New guidelines for treating JIA to target

JIA

By Mardi Chapman

18 Apr 2018

A treat to target approach for all patients with juvenile idiopathic arthritis should be able to achieve a 50% improvement in disease activity within three months and a target of clinical inactive disease within six months.

This is one of eight recommendations by an international task force of paediatric rheumatologists, following a systematic review of the evidence and a consensus conference.

The taskforce found the primary target should be clinical remission and notes that the availability of disease-modifying drugs makes this an achievable goal for most children.

In another recommendation they agree that minimal or low disease activity may be an alternative target in patients with long-standing disease.

“These patients are generally those with the most aggressive systemic or polyarticular forms who have experienced persistently active disease, received multiple drug therapies or accumulated substantial joint damage or comorbidities,” they say in Annals of Rheumatic Diseases.

“Therapeutic decision-making may be guided by the recent treatment recommendations for JIA issued by the ACR, which were tailored according to JIA phenotype, level of disease activity and the presence of features of poor prognosis.”

Co-author Dr Jonathon Akikusa, from the Royal Children’s Hospital Melbourne and the Murdoch Children’s Research Institute, told the limbic most centres in Australia were already treating children to target and aiming for remission or low disease activity.

“So what these guidelines do is formalise that target in a consensus-based manner and make that approach more widely disseminated so other areas where people have a different type of practice are at least aware of what the mainstream paediatric rheumatology community is moving towards.”

He said there are relatively few barriers to achieving these targets in most areas of Australia.

“There is starting to be an appropriate level of manpower to ensure that patients can be reviewed at the recommended frequencies. However there still are some states and territories where there aren’t paediatric rheumatologists practicing at all and in those states you would say the biggest barrier is around manpower to some extent and access to an integrated mulitdisciplinary team.”

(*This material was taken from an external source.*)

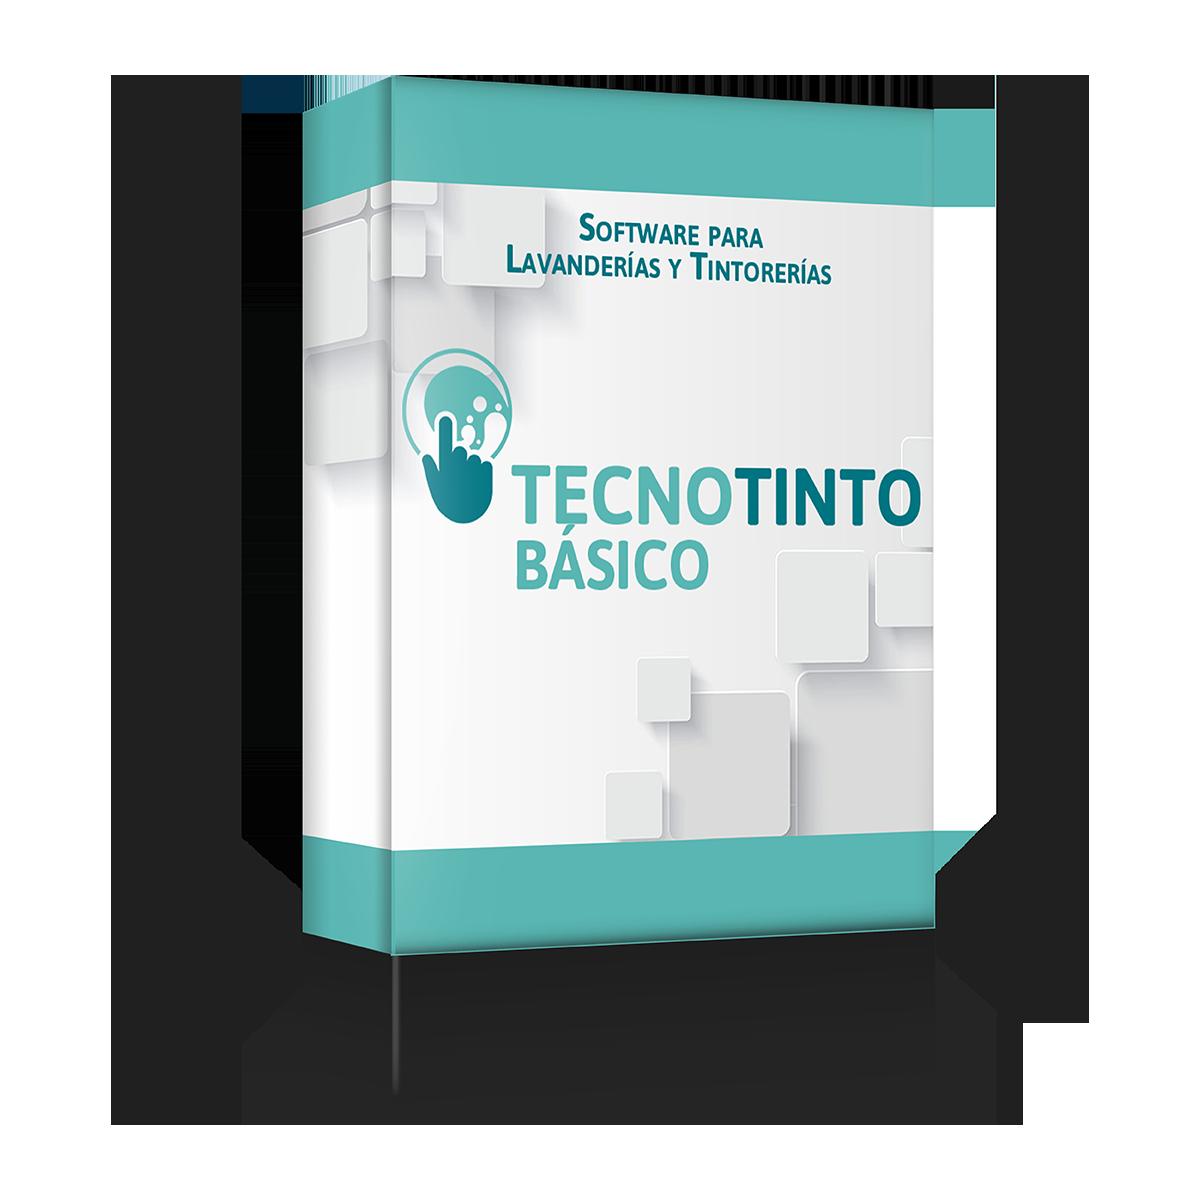 TecnoTinto-Basico
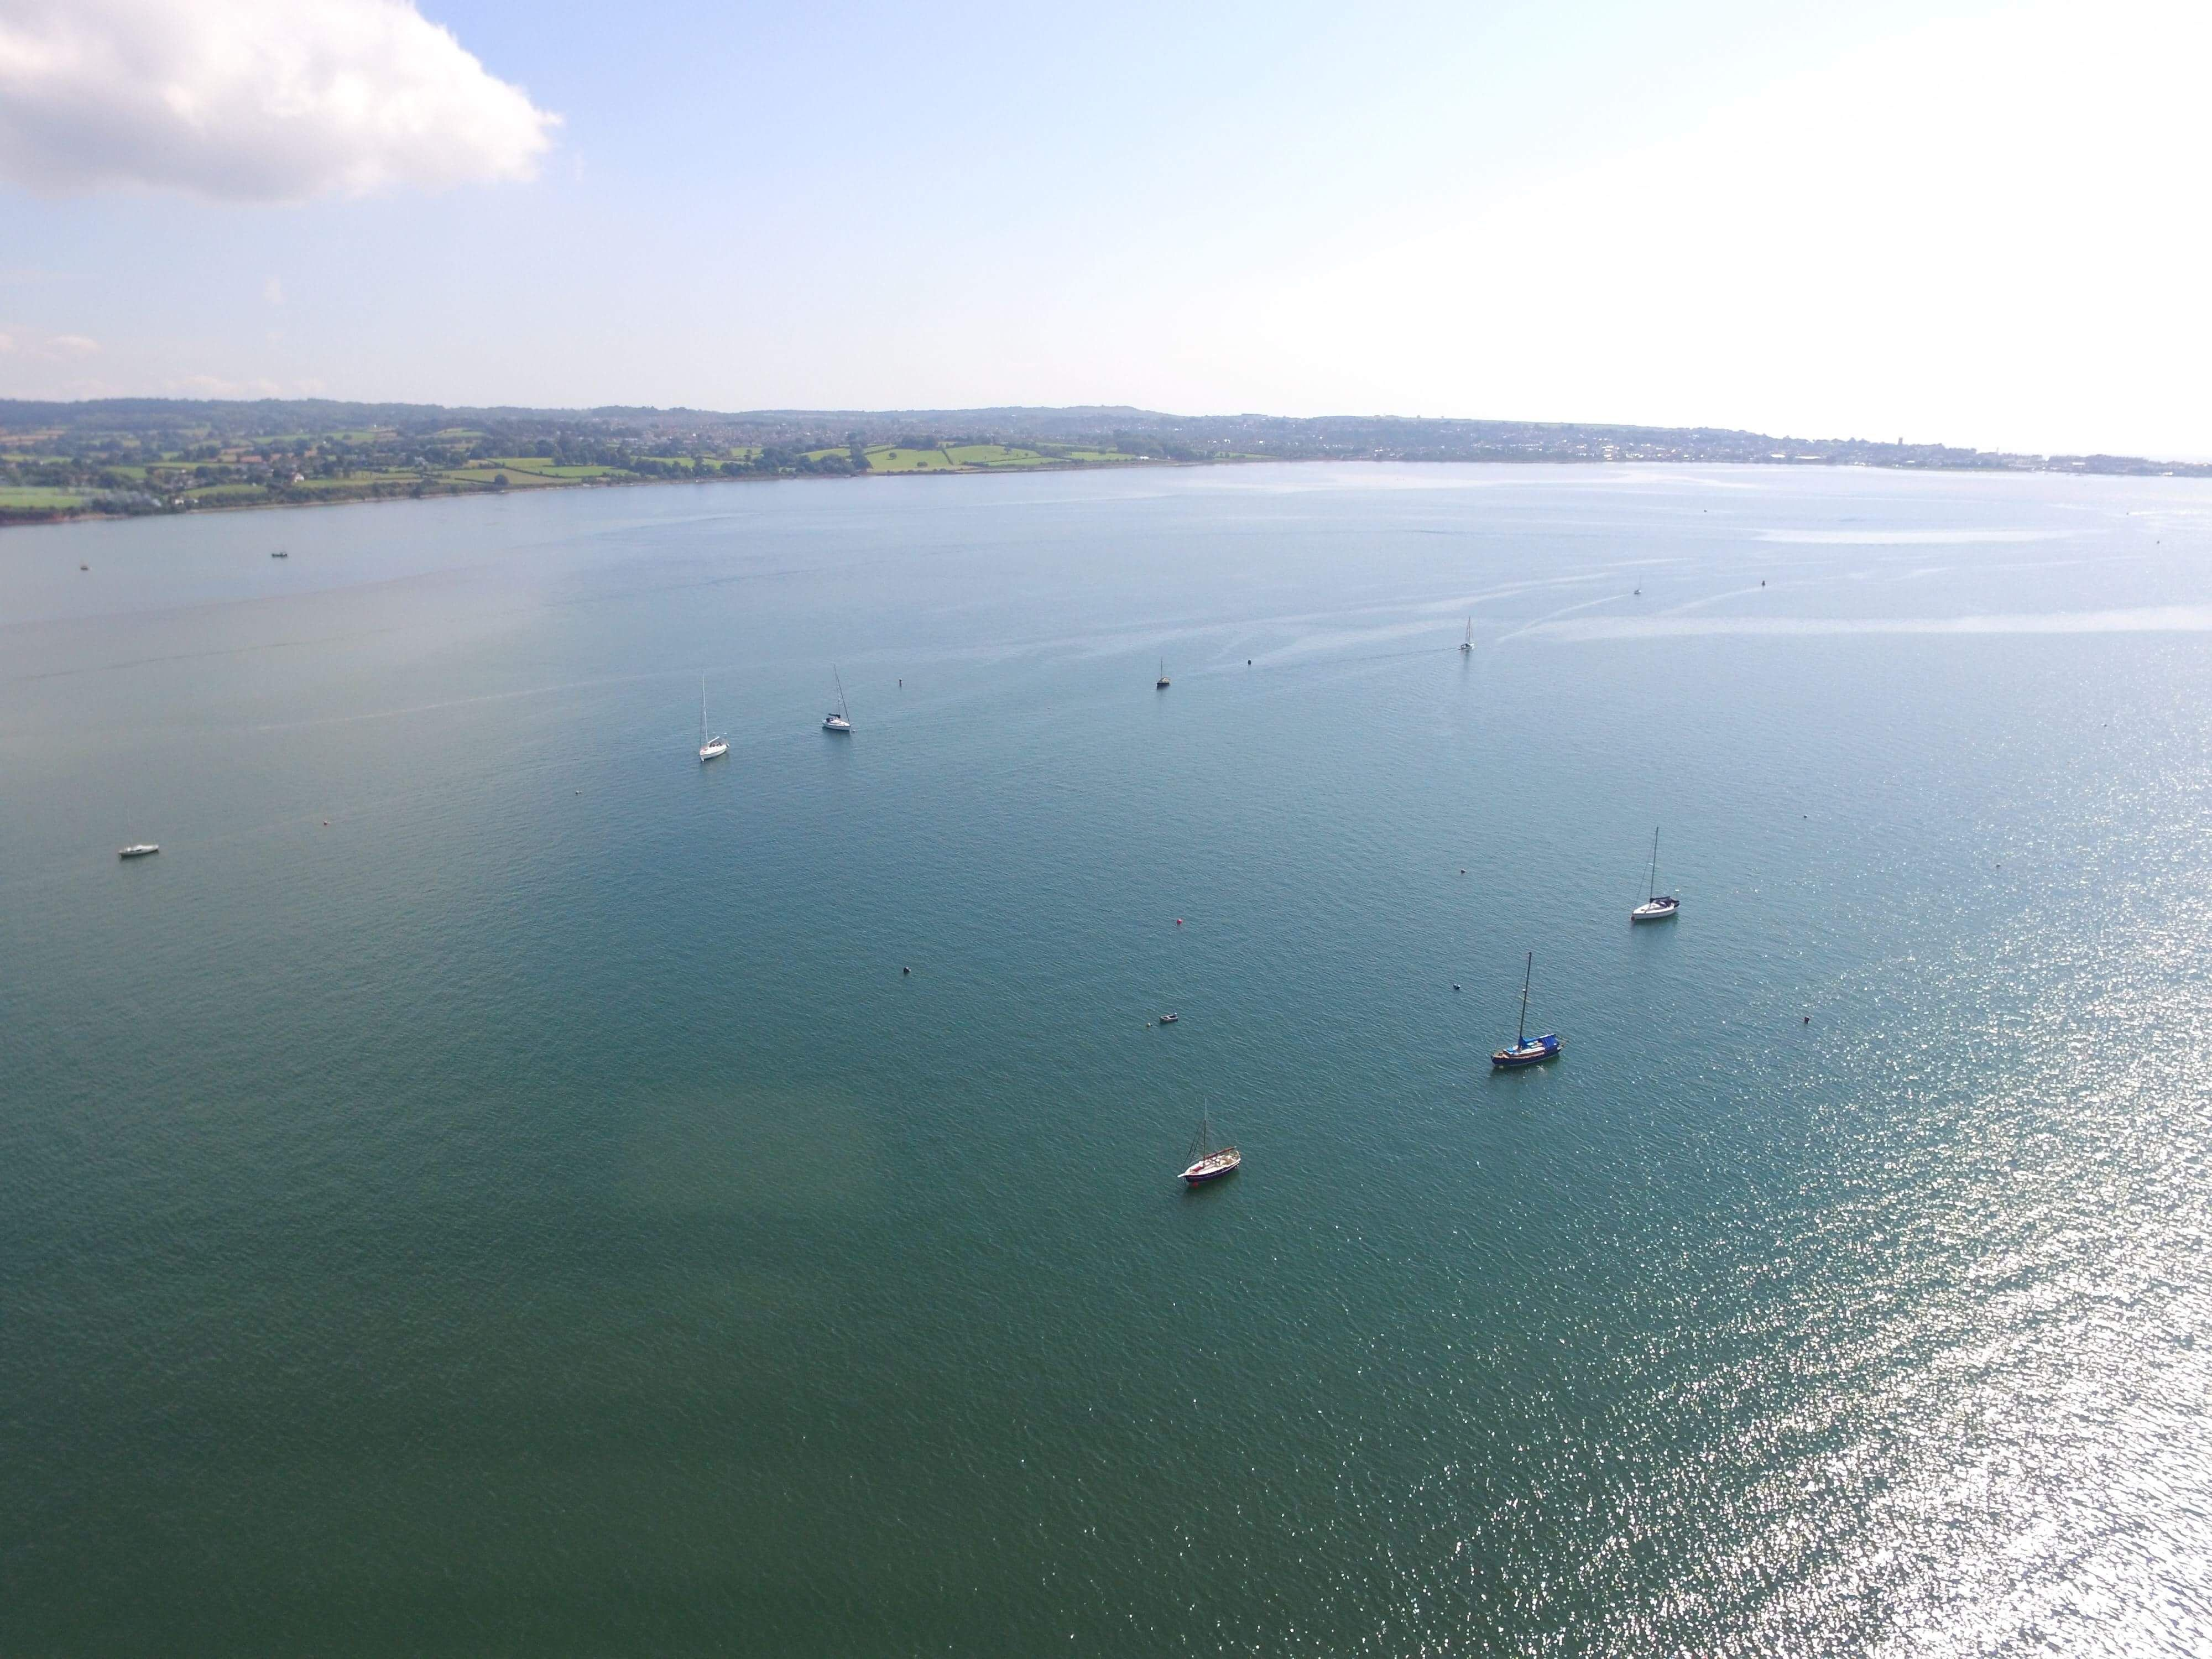 Plenty of boat activity on the Exe Estuary Water, Boat

The recommendations emphasise frequent assessment – as often as weekly – to achieve target and then ongoing monitoring to maintain the target.

“That really frequent monitoring is related to children with systemic disease who are the most unwell. The shortest timeline for expecting improvement is for example, ablation of fever within a week after starting treatment,” Dr Akikusa said.

“Very few families need that degree of close follow-up although some certainly do.”

The taskforce recommends that disease activity should be assessed and documented regularly using a validated composite measure however it stopped short of recommending specific outcome tools.

Dr Akikusa added that stringent treatment targets do not negate the need for including patients and their parents in decision-making.

“It is essential that there is a holistic approach to the child and their family and that we don’t become too narrowed in on what the joint count is or what the inflammatory markers are doing but that we take a step back and look at the child in context and make sure we are aware of what is happening at school, at home and what impacts of the disease, and sometimes of the treatments required, may be problematic and potentially should be addressed.”